On Friday, the Washington Post ran a fact check in which they found that the President's healthcare law was a net tax cut for the middle class. That was a big surprise to us, since we have been highlighting the 20 new or higher taxes in Obamacare for years, especially those which fall directly on families making less than $250,000.
Senator Jim Demint (R-S.C.) and staff were also apparently not amused. If you read that analysis, they make the excellent point that 78% of the value of the "tax relief" in the bill comes in the form of spending ("outlays") not tax relief. If someone has a zero tax liability, you by definition cannot cut their taxes. You're simply using the IRS to deliver a welfare check. The fact that the WaPo missed this is a huge error in their analysis.
There are a couple of other points to consider.
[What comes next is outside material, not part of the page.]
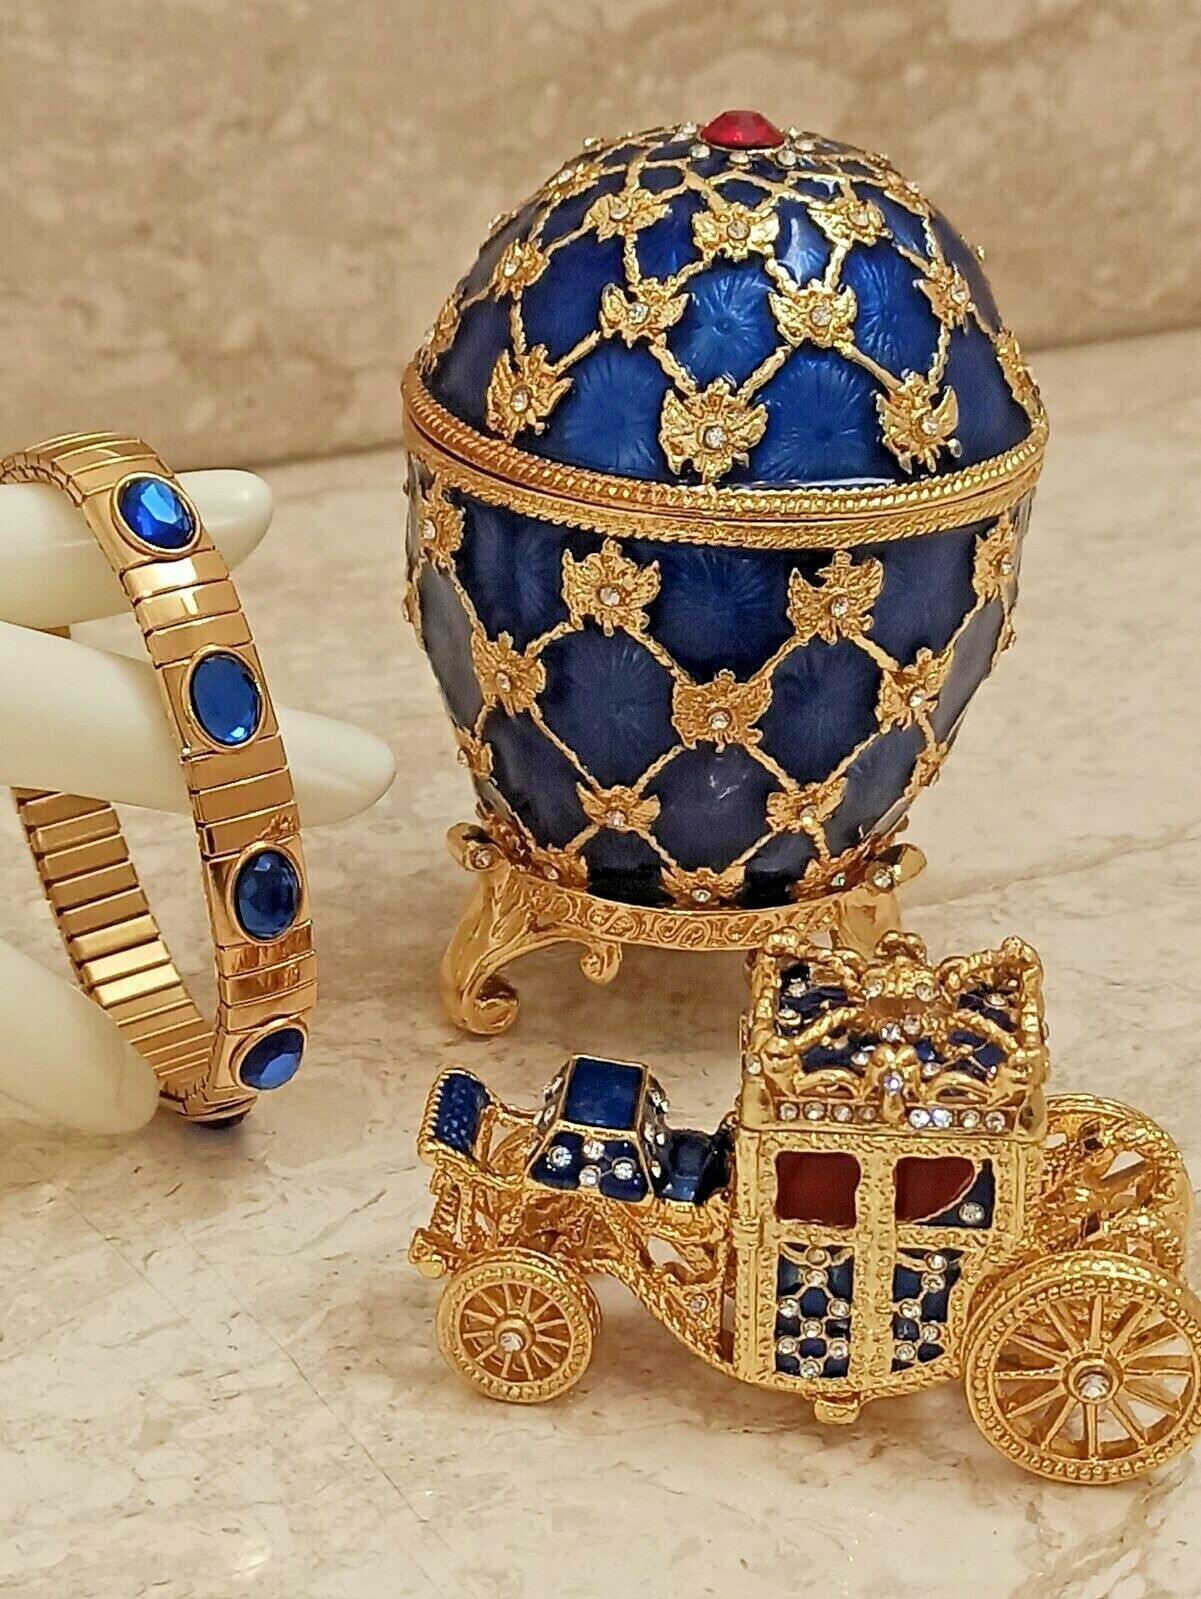 Fabrege Jewelry box set Faberge egg Queens Carriage 24K GOLD gift women Fabergé

First, the analysis totally glosses over the 20 new or higher taxes in Obamacare. Many of these will fall directly on families making less than $250,000 per year. Some obvious examples that come to mind are the FSA cap, the medicine cabinet tax, and the high medical bills tax. There are many others.
Second, the WaPo analysis ignores the phase-in factor on the tax hikes. Most of the tax increases don't take effect until 2013 (and one, the Cadillac Plan tax, not until 2018), but the scoring windows begin in 2010 (when Obamacare passed). As a result, the first several years of each tax increase is scored as "$0." What should have been done was to create a new window with all the tax increases fully phased-in. This would likely have to be a 2018-2027 window. Just inflate the tax increases every year to construct, and you can truly see how big these tax hikes are. This wasn't done, nor was this "window dressing" in the score acknowledged by WaPo.
The bottom line is that the President's healthcare law is a massive tax increase on the middle class (and we haven't even mentioned the tax penalty for not complying with the individual mandate). That's just common sense.